O ministro Sergio Moro, ao renunciar, já era um fantoche, um serviçal da família mafiosa dos Bolsonaros. Sempre fez vista grossa ao apoio de Bolsonaro às milícias e seus crimes. Ele certamente sabia da máfia da indústria do crime apoiada pela família Bolsonaro: além da milícia digital, consta da agenda criminosa da família e amigos a importação de lixo tóxico, armas, cassinos, combustíveis, remédios etc. Moro saiu atirando e recebeu de volta a acusação de que concordaria com a demissão do seu Diretor Geral da Polícia Federal em troca de sua nomeação para o cargo de Ministro do Supremo Tribunal.

O governo Bolsonaro já interferiu e obstruiu o trabalho de muitas instituições como, por exemplo, o Ibama, o Icmbio, o Inpe, a Capes, a Coaf, Ancine, Universidades e muitas outras. Com seu perfil autoritário, deve achar natural interferir e violar a autonomia da Polícia Federal, tendo em vista seu desespero em proteger seus filhos e amigos das acusações de crimes. Mas a demissão de Moro vai provavelmente mudar a correlação de forças. E isso ocorre num momento em que outro ministro de peso, o ministro Guedes, foi ignorado pelos militares que propuseram o chamado Plano Pró-Brasil.

Em plena crise da pandemia, o general Braga Netto lança o Plano Pró-Brasil propondo aumento significativo de investimentos, destravamento de obras paradas, geração de empregos “sem toque no teto”, “sem aumento de investimentos”. Ignorou Guedes, jogado para escanteio, e propõe investimentos públicos, investimentos diretos do Estado e, para manter as aparências, diz que não vai tocar no teto dos gastos públicos. A equipe econômica de Guedes não participou, obviamente, da elaboração desse Plano.

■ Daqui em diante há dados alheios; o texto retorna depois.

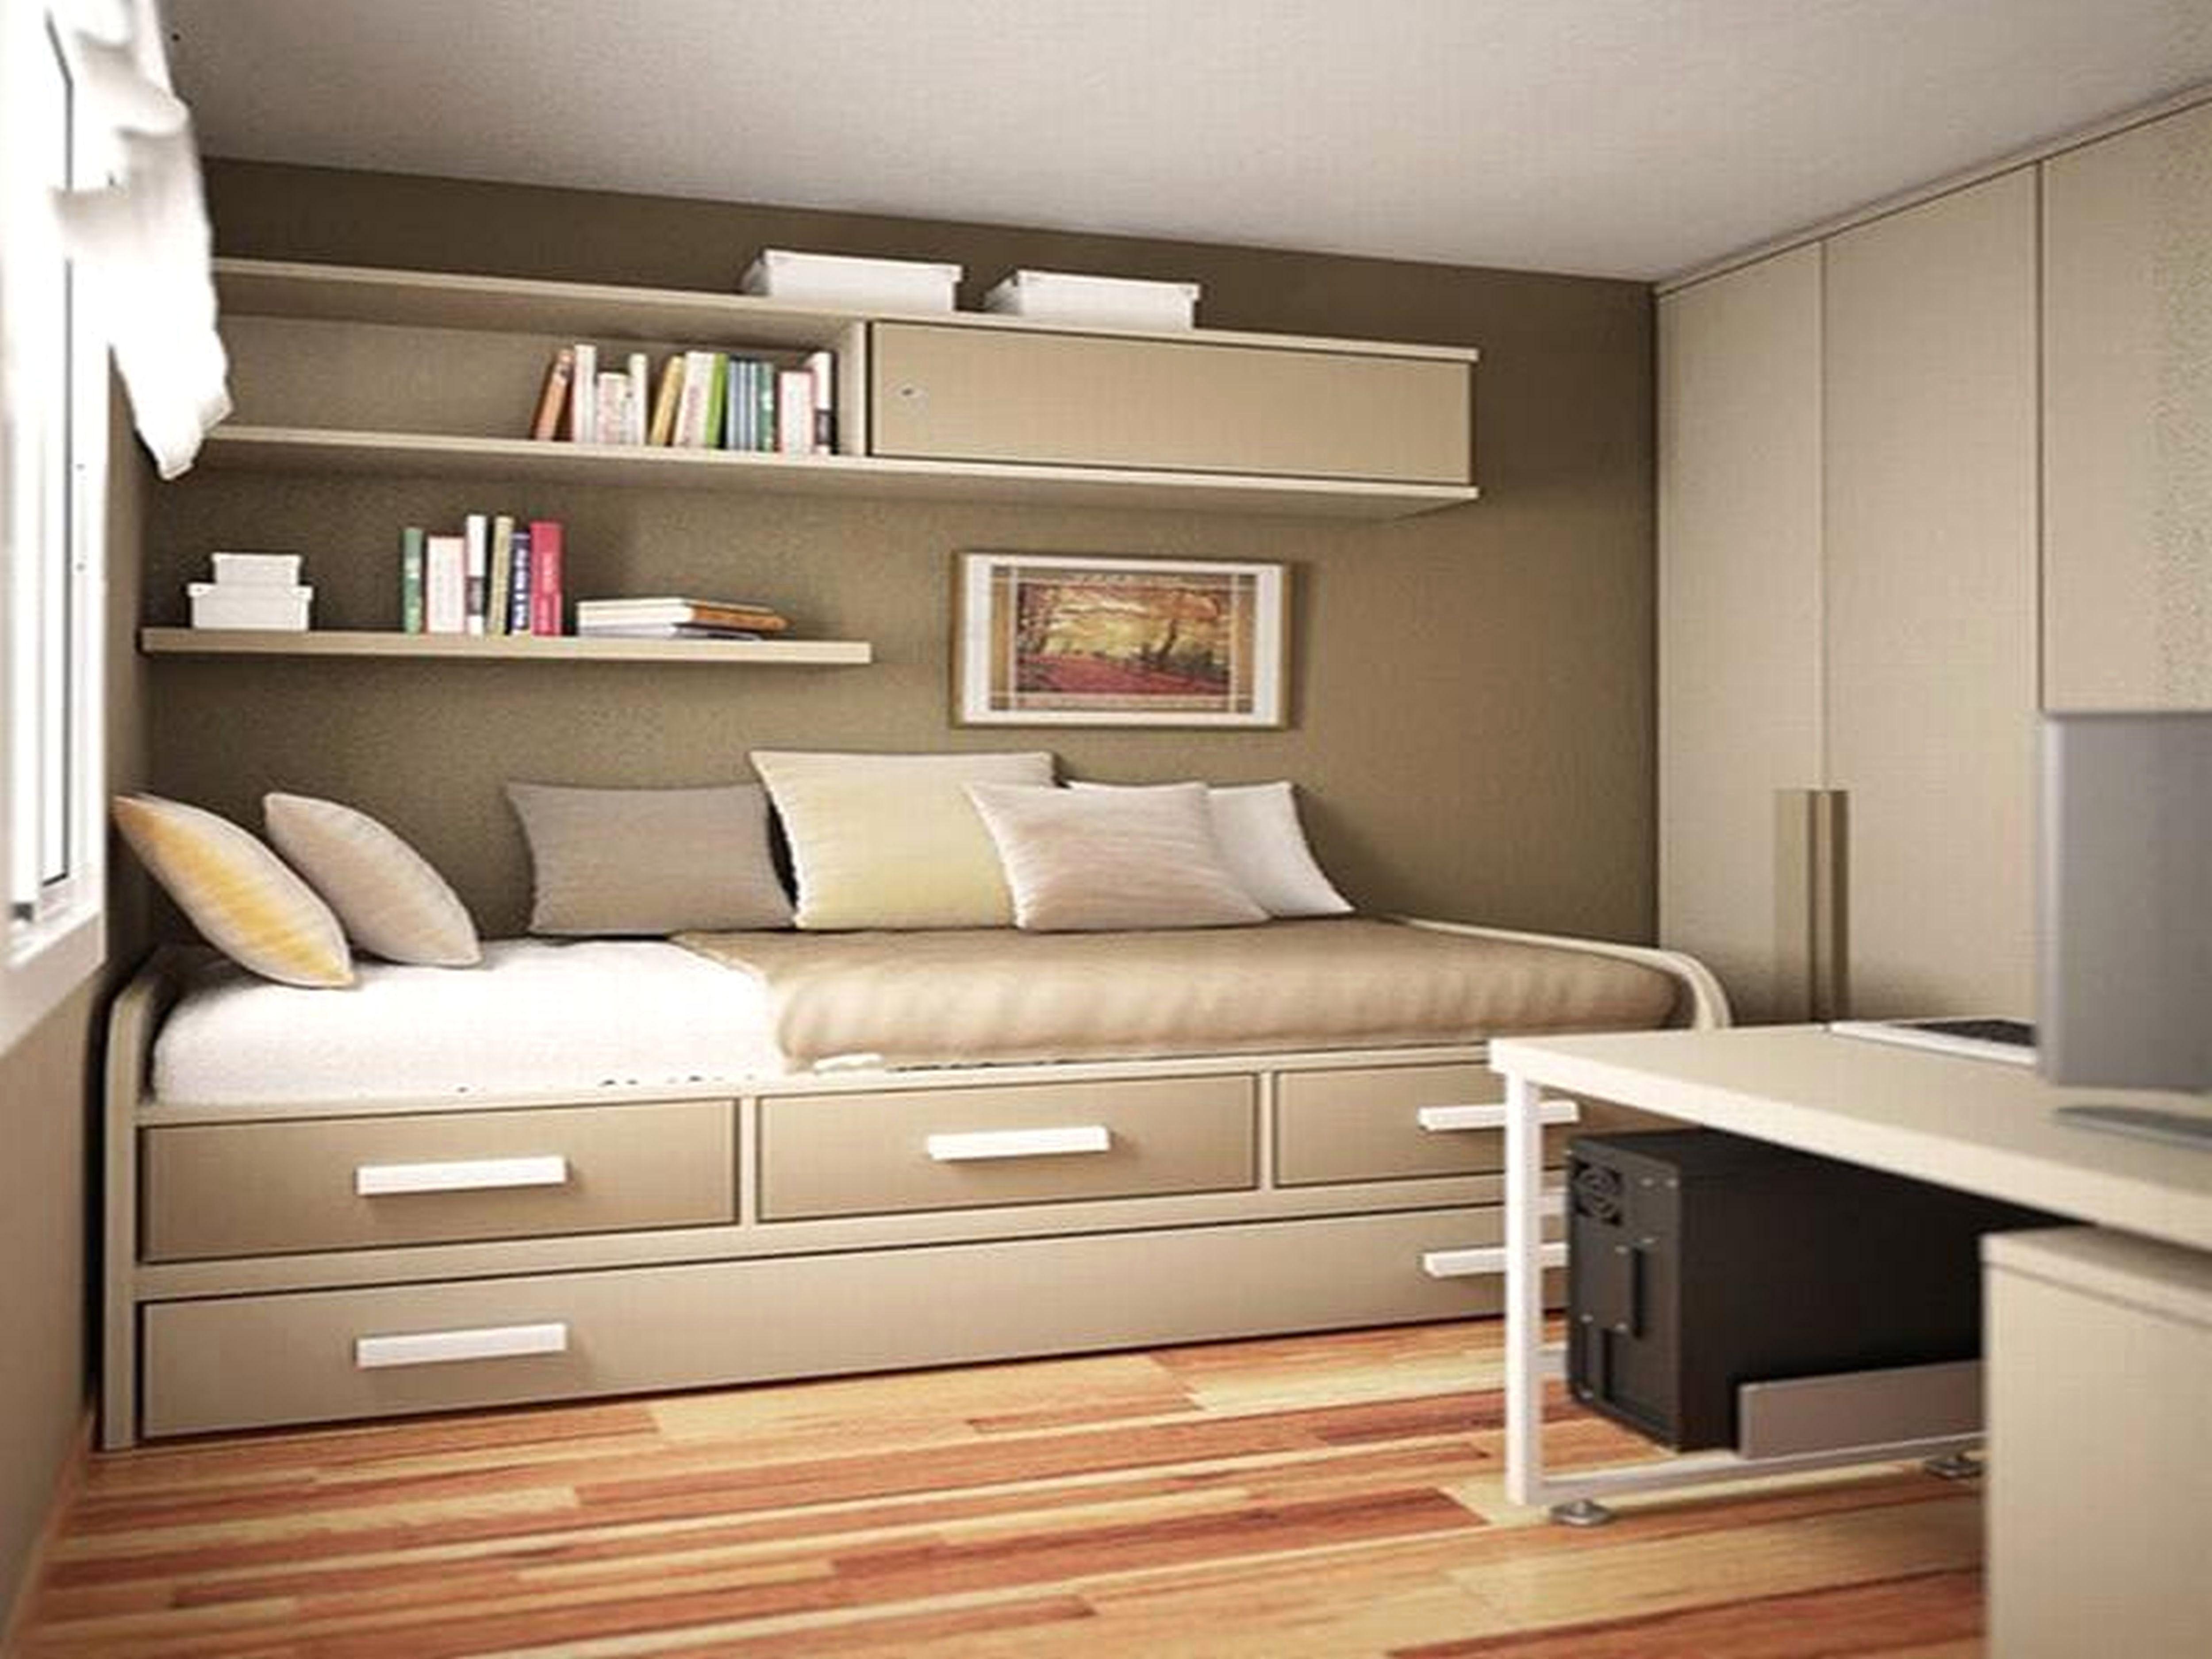 Small Bedroom Single Bed Ideas  Small bedroom storage, Small room

Além da demissão de Moro e do encolhimento de Guedes, a conjuntura política tende a se agravar, pois ficará cada vez mais sobredeterminada pela pandemia do coronavirus. O número de infectados e de mortos aumenta exponencialmente. A popularidade de Bolsonaro sofrerá forte abalo.

Esperemos que a oposição passe da guerra de posição para a guerra de movimento. Como disse Guimarães Rosa, “sapo não pula por boniteza, mas porém por precisão”. Chegou o momento de o sapo pular. Chegou a hora e a vez do impeachment. Navegar é preciso.